Светлый фон

— Ты тоже сам был сыном. Знаешь, что это такое. Отцу рассказываешь о том, чем он, на твой взгляд, будет гордиться.

— Чак, чего бы я ни сделал в жизни, ни разу мой отец не подал виду, что гордится мною. Я не жалуюсь — просто констатирую факты. Чарльз Джеймс Фрай был черствым стариком. Так я думал тогда, так я думаю теперь. — Эдисон понюхал мартини и выпил. — Он унаследовал ранчо от своего отца, который, вероятно, был немногим лучше в этом отношении. Поэтому и я был с тобой таким же. Я не колеблясь повторю, что заниматься серфингом в качестве жизненной карьеры — это бросить псу под хвост свои таланты. Но это не значило, что я не уважал упорство, что я был против того, чтобы ты стал первым серфингистом в мире.

Фрай вспомнил письма Эдисона: «Нельзя оставаться всю жизнь таким инфантильным… Мы потеряли одного ребенка в морской пучине, пожалуйста, не будь второй жертвой… С любовью и разочарованием, отец».

— Забудем, папа. Каждый любит по-своему показывать характер.
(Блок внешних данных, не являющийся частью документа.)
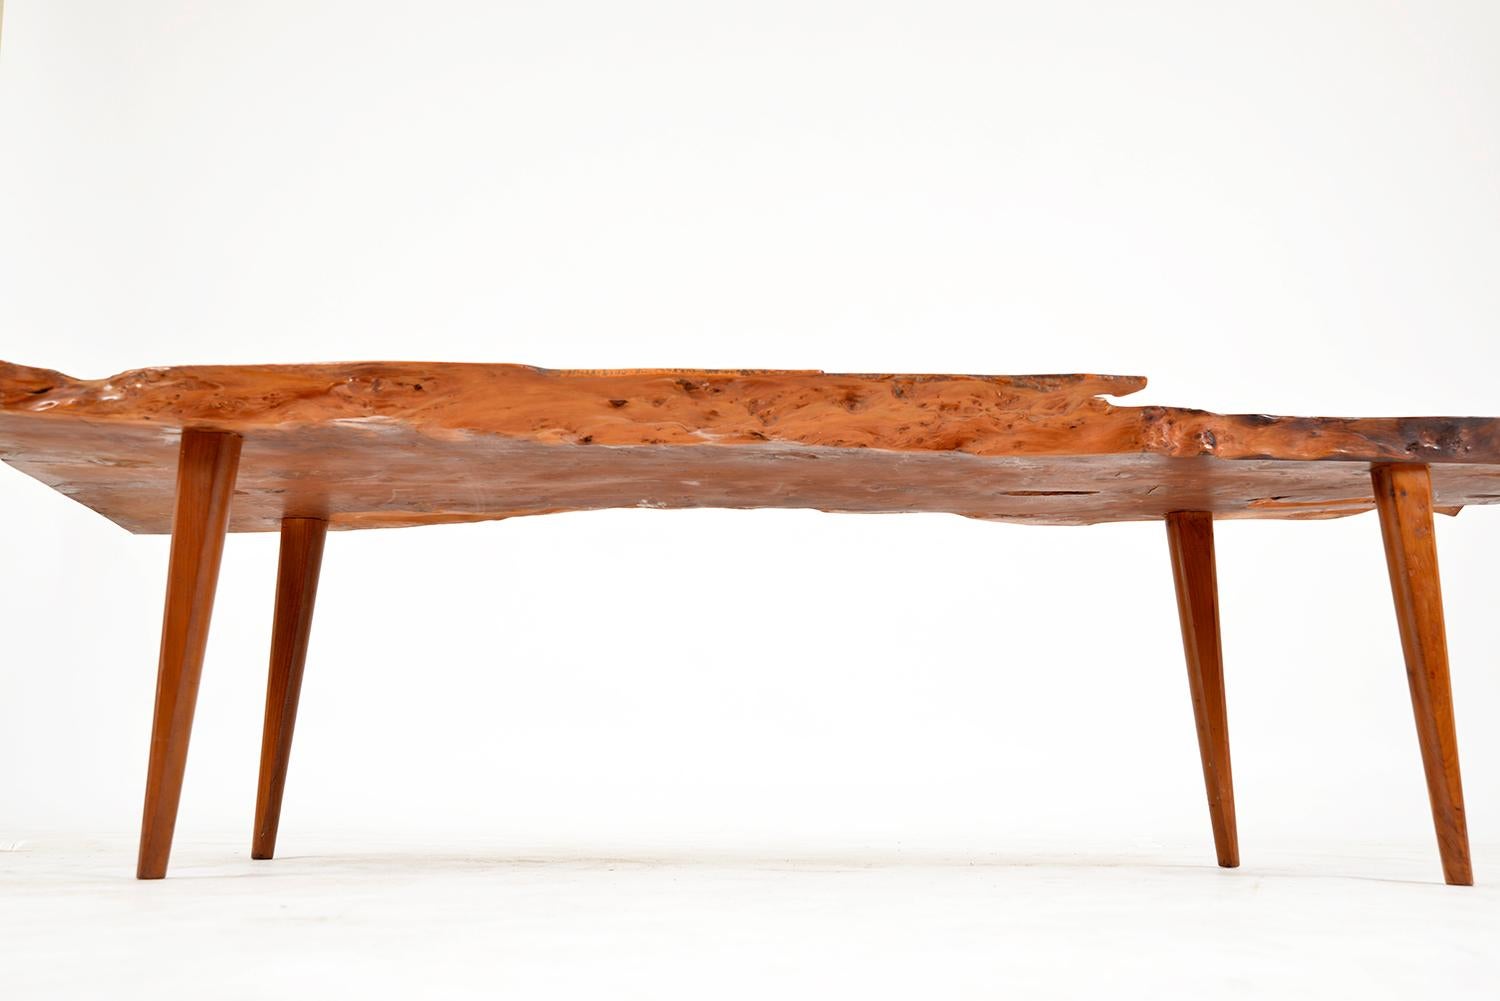 British Yew Wood Live Edge Plank Coffee Table by Reynolds of Ludlow English 1950s 1960s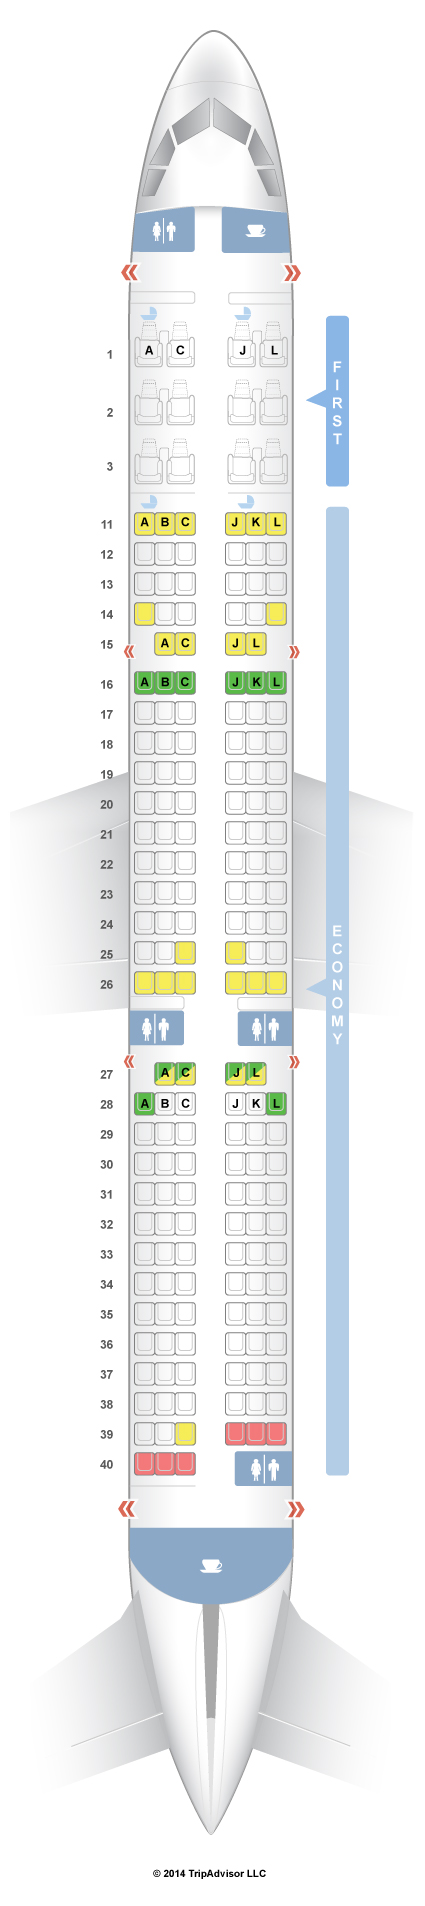 Airbus Industrie A321 Seating Chart

— А что касается Дебби, сын… Я сожалею, и это не твоя вина. Я знаю, волны были очень большие. Я знаю, что она не первый раз встала на доску. Но это ты был с ней. Не Бенни, не я. — Эдисон посмотрел на сына. — Позволь мне тебе задать вопрос, Чак. Мы давно не говорили по-настоящему. С тех пор, как тебя перестало интересовать то, что происходит на этом острове. А теперь, когда похитили нашу Ли, когда твоя мать на пределе, а фэбээровцы уже меня просто достали и вообще все дерьмово, хуже не бывает — ты вдруг начинаешь кидать мне обвинения. Я не совершенен. Может, я не один год потратил на то, чтобы ты это понял. Но я выдохся. Так чего же ты ворошишь прошлое? Зачем теперь это?

Хороший вопрос, подумал Фрай. На какое-то мгновение он был обескуражен.

— Не знаю.

— И я так думаю.

Фрай отвернулся к окну. Самоанализ никогда не был его коньком. Но наступает момент, думал он, когда события пролетают быстрее, чем ты успеваешь их уловить. Наступает момент, когда хлопаешь крыльями, теряешь перья и раскрываешь дрожащие ладони, в которых ничего нет. Сидишь, наблюдаешь и хочешь что-нибудь сделать, но не знаешь что. Хоть что-нибудь. Все уходит. Дебби. Линда. Ли. То, каким я был несколько лет назад. То, какими мы все были.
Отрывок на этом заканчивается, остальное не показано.